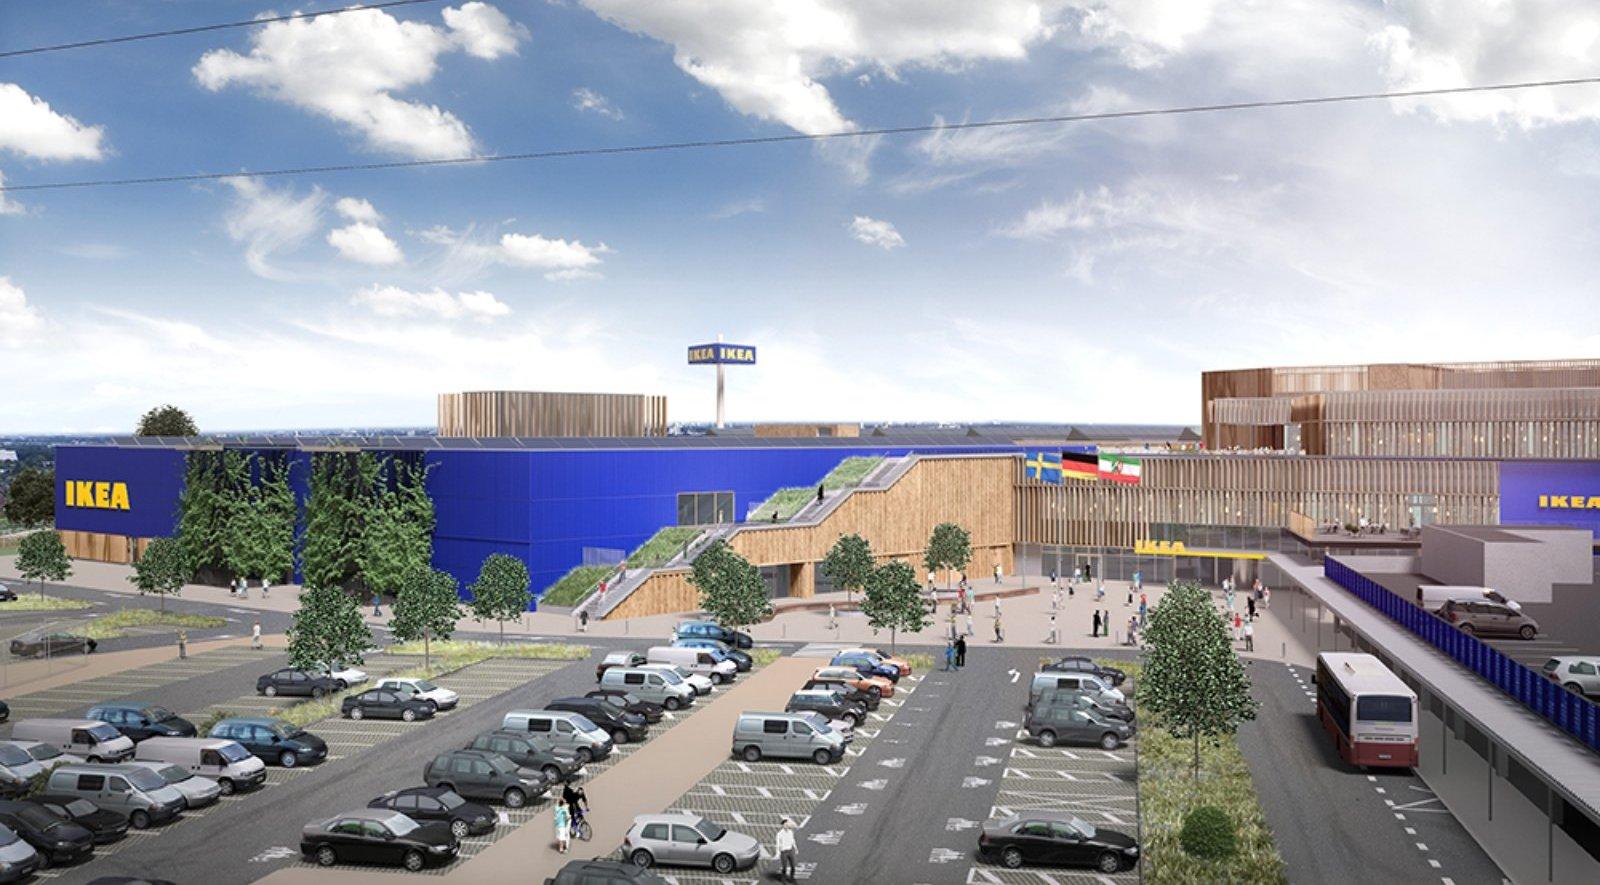 new-built IKEA store in Kaars
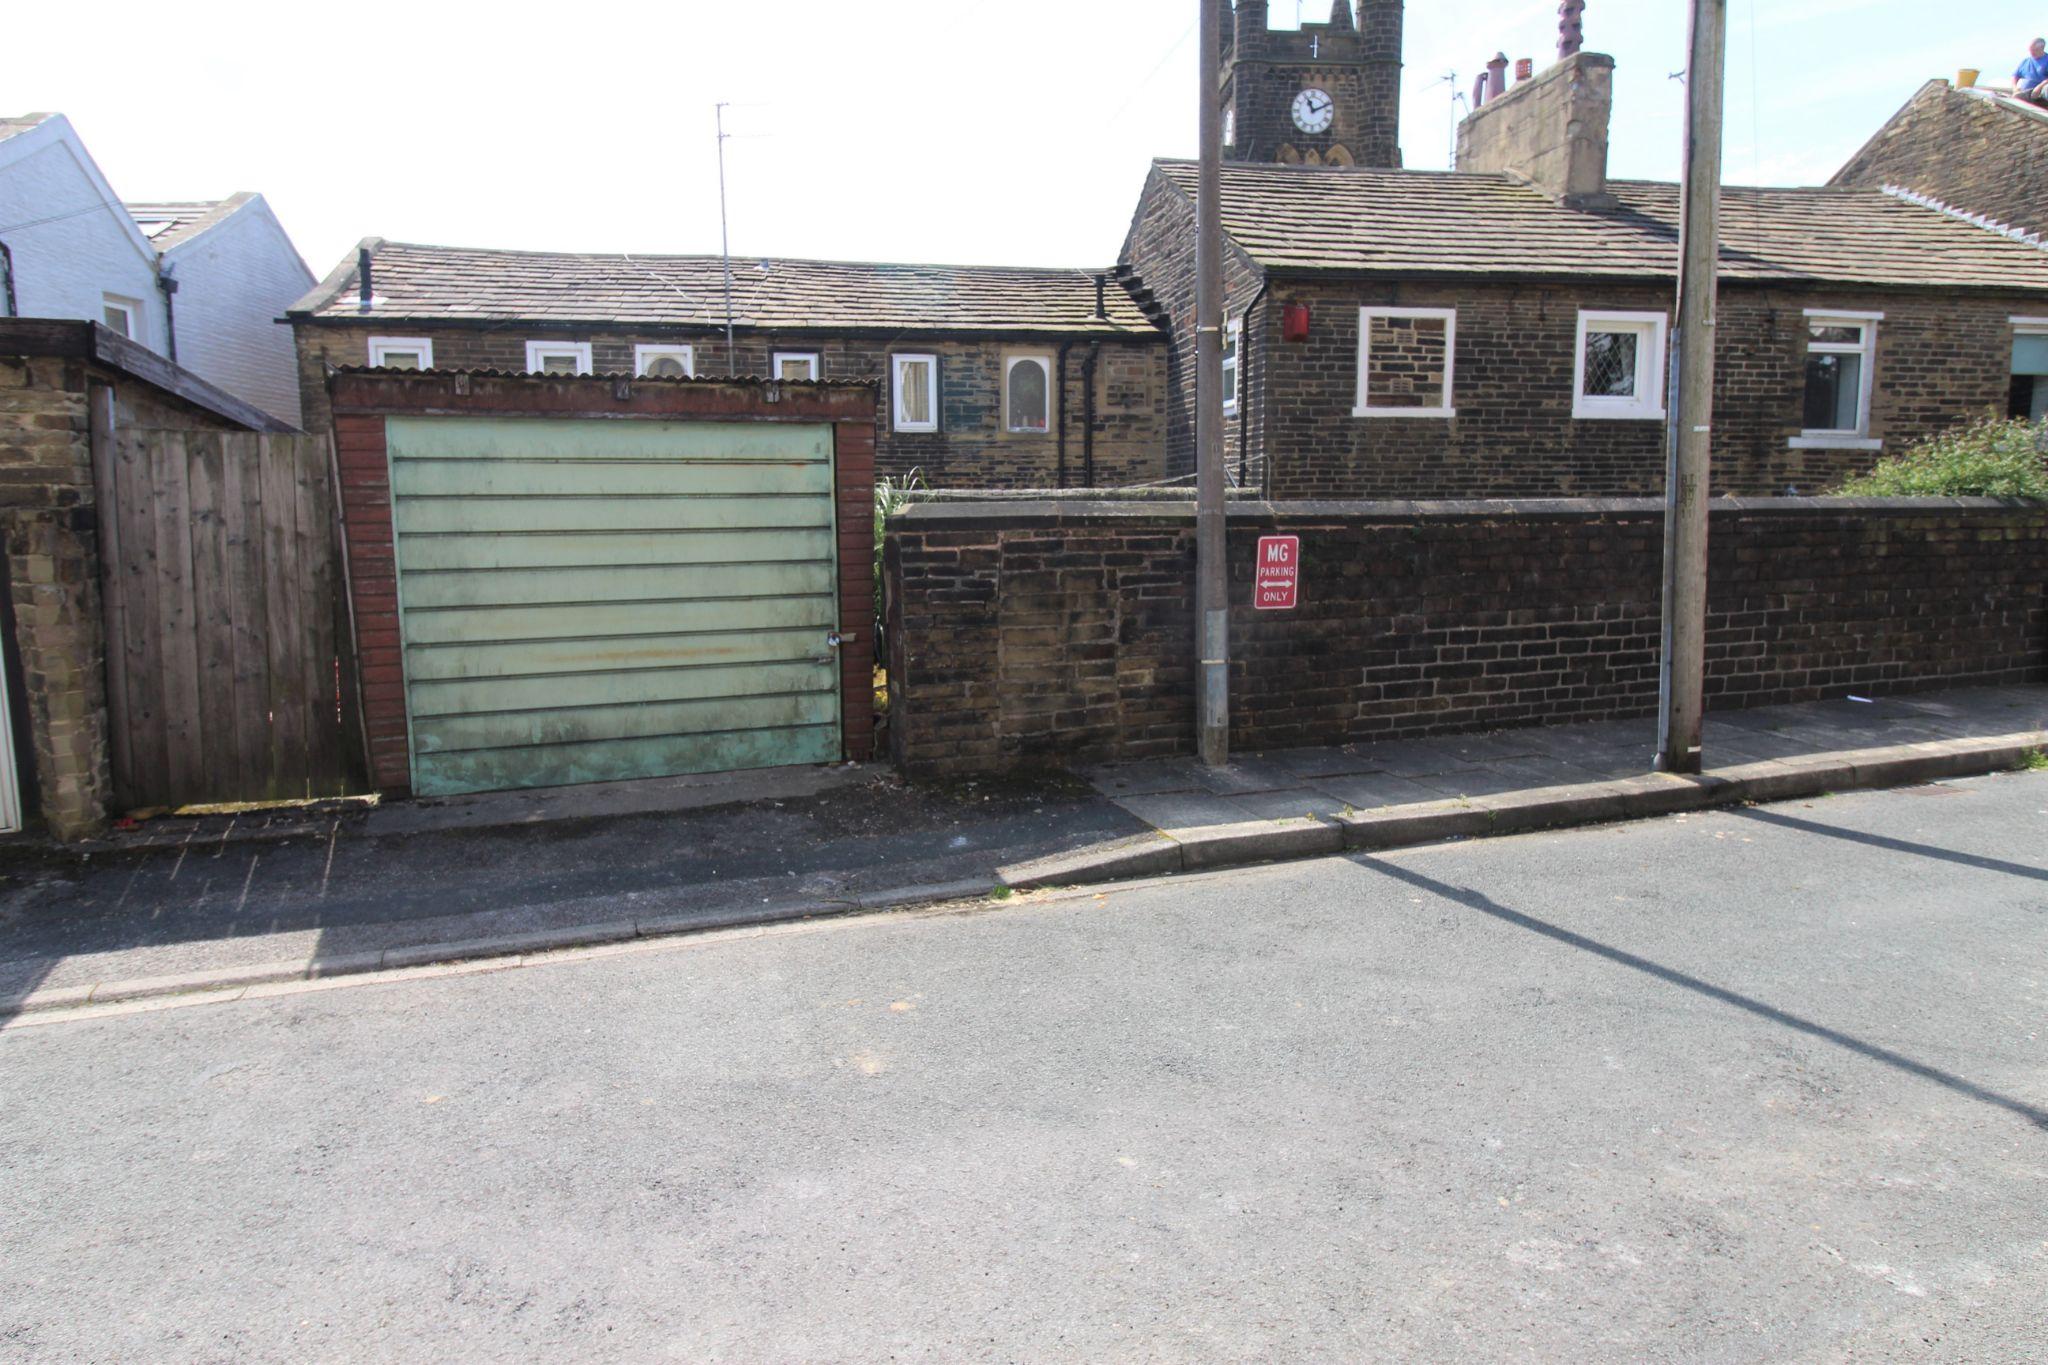 3 bedroom mid terraced house SSTC in Bradford - Garage
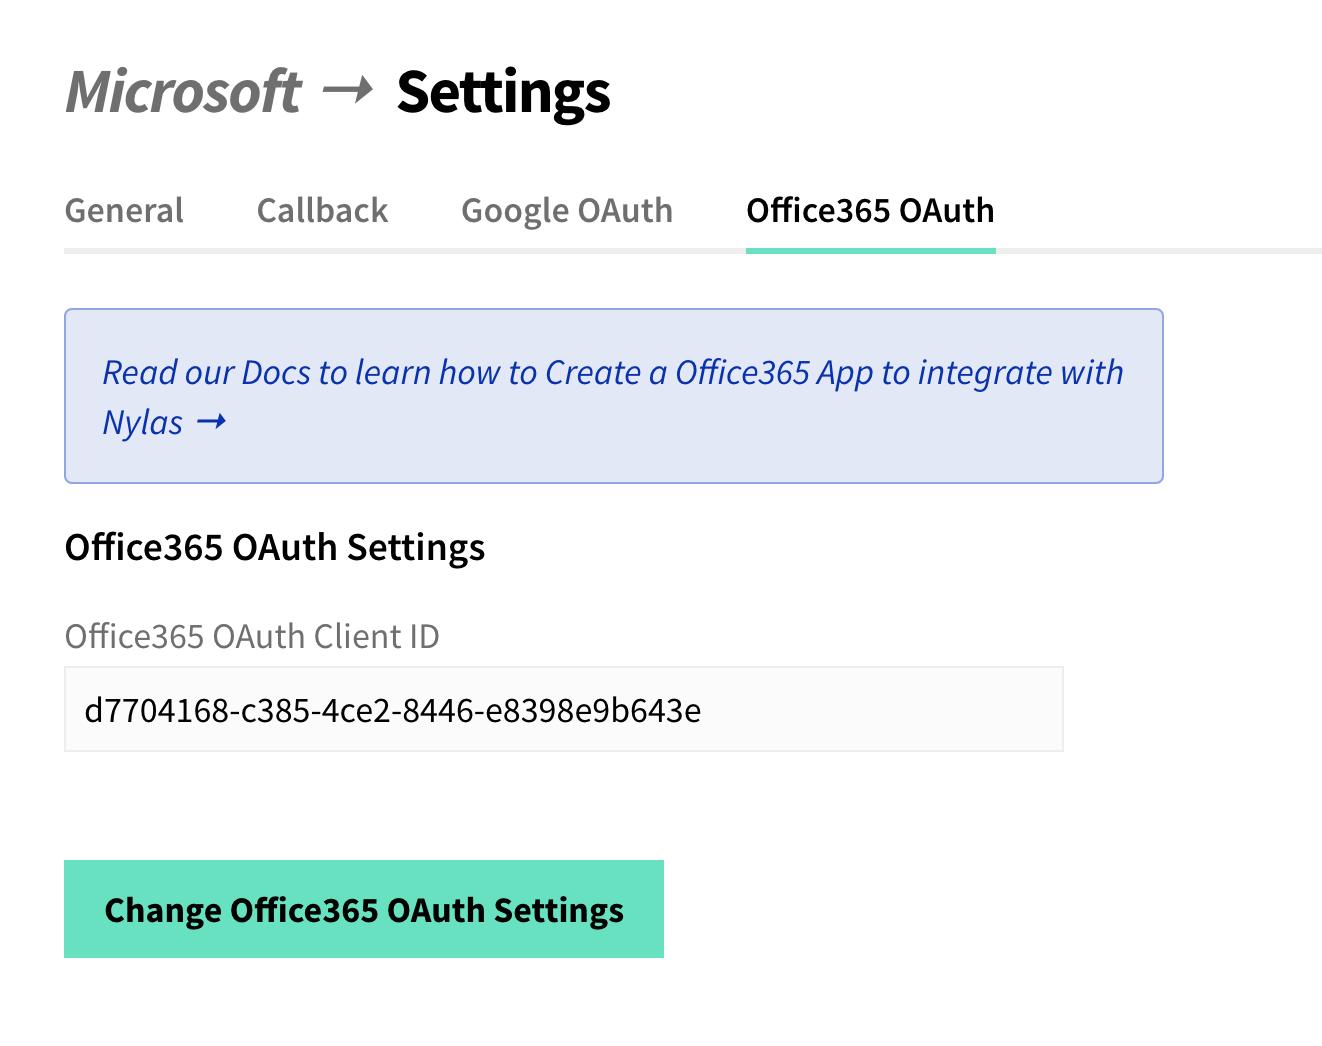 Nylas Dashboard, Microsoft App Settings

####################

Task description. Retype the data above exactly; pictures are not part of the copy.

Solution for this exercise.
 new-built IKEA store in Kaars
 3 bedroom mid terraced house SSTC in Bradford - Garage
 Nylas Dashboard, Microsoft App Settings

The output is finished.